Regional floras typically contain complete dichotomous keys for identification of trees and other plants to species (e.g. Manual of vascular plants of northeastern United States and adjacent Canada by Henry A. Gleason and Arthur Cronquist). The following guide originates from Our Native Trees and How to Identify Them by Harriet L. Keeler and applies to some flowering trees which are indigenous to the region extending from the Atlantic Ocean to the Rocky Mountains and from Canada to the northern boundaries of the southern states, together with a few well-known and naturalized foreign trees.
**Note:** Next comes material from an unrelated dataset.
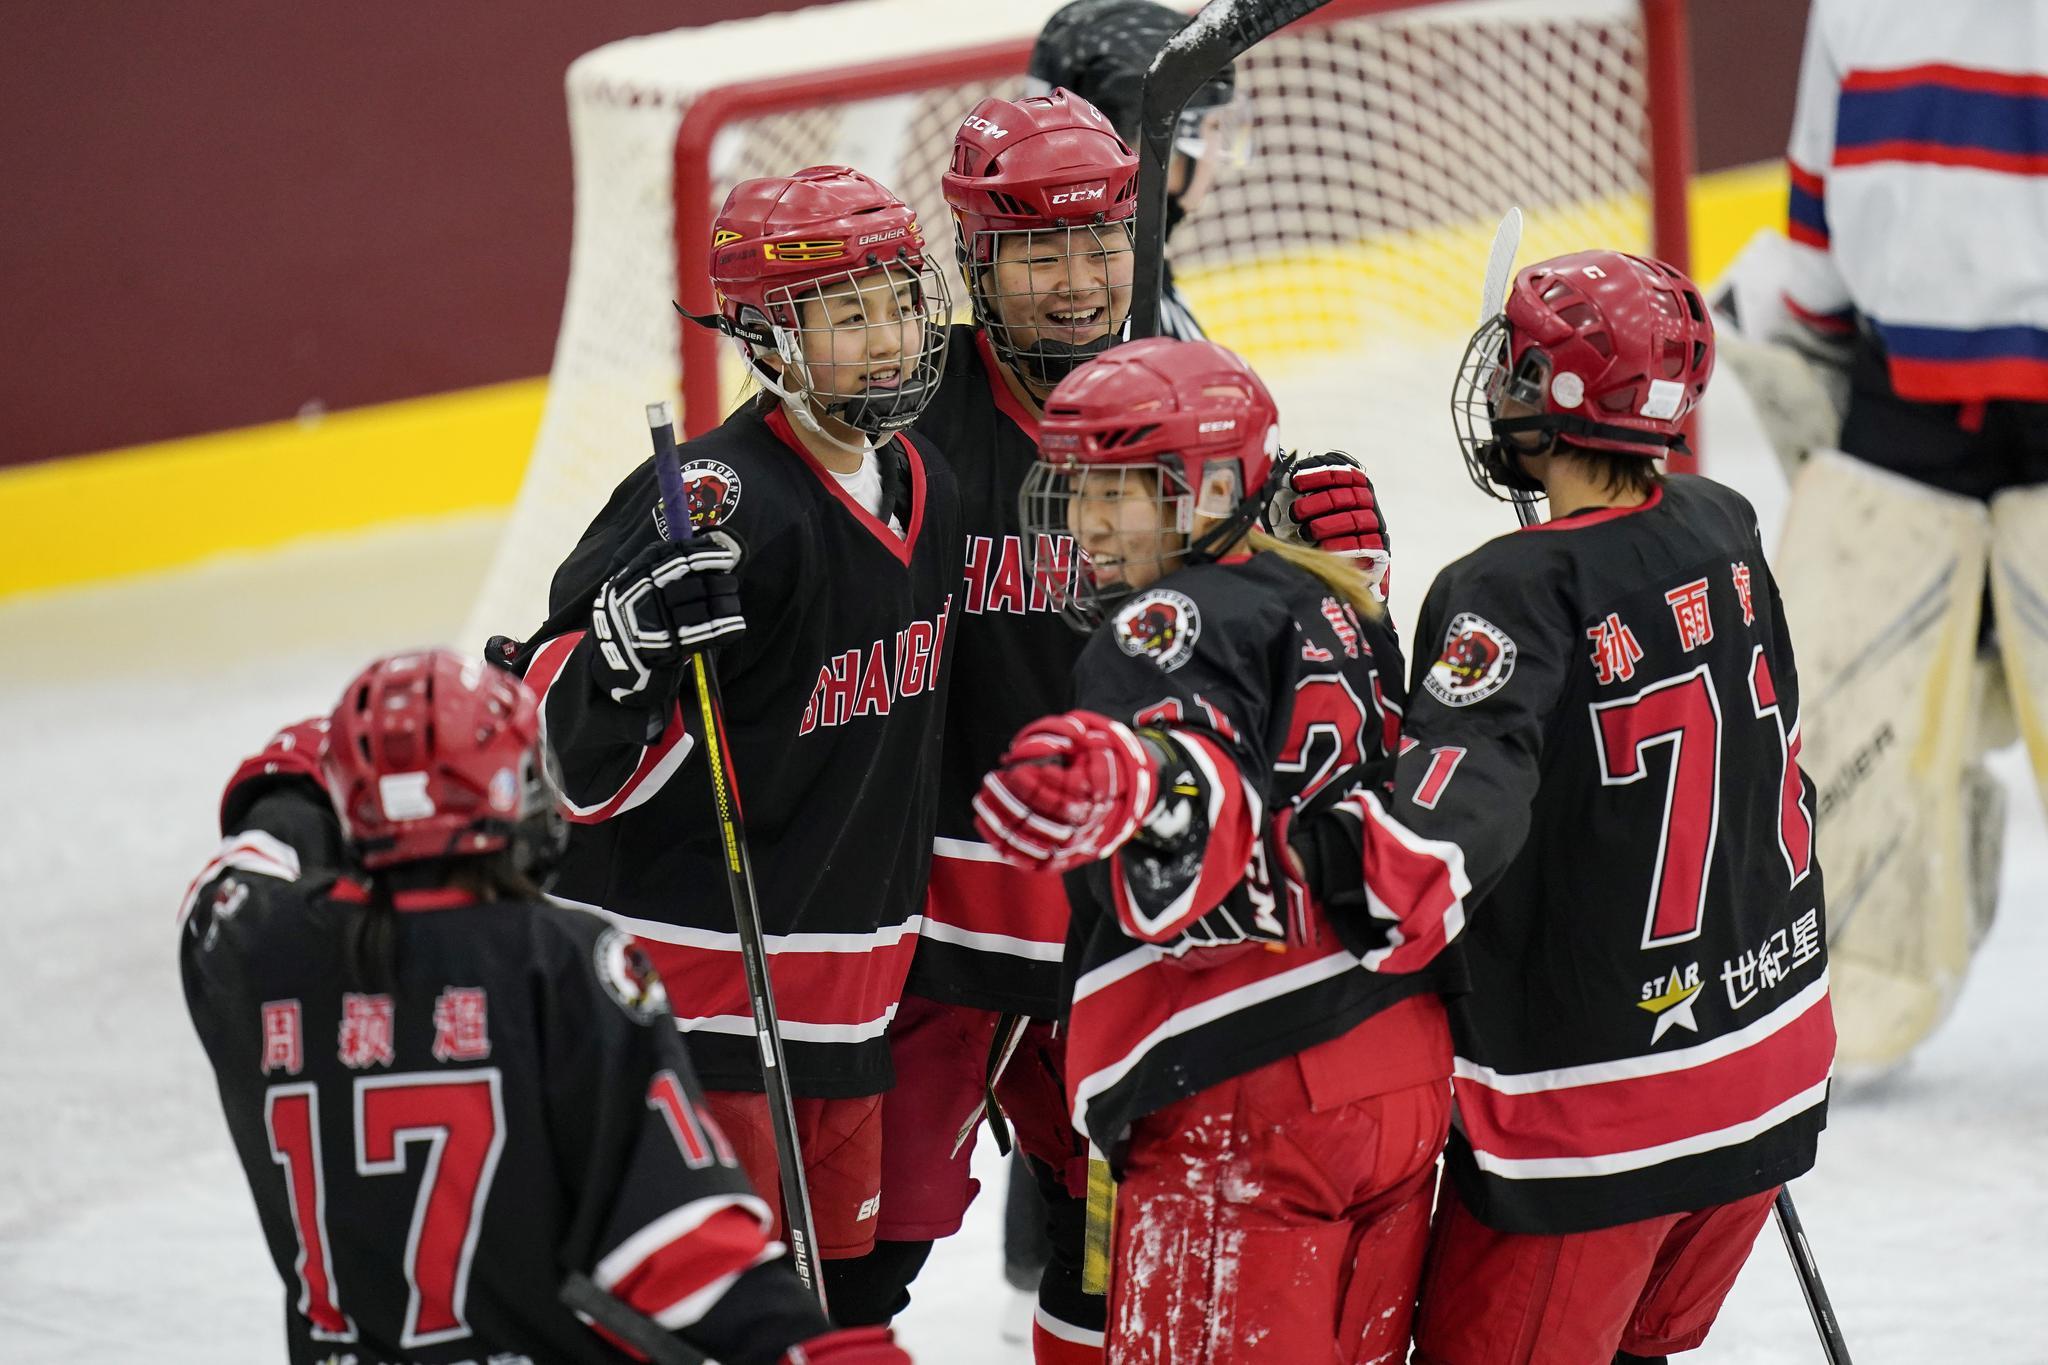 全国冰球锦标赛女子组 上海队与哈尔滨队会师决赛

This guide excludes conifers and is not an exhaustive list of all trees known to occur in the region.

Use of the guide
Trees can be identified by examination of several characteristics. The typical leaves of a species should be secured from mature trees, not young ones. The leaflets of a compound leaf can be distinguished from simple leaves by the absence of leaf buds from the base of their stems.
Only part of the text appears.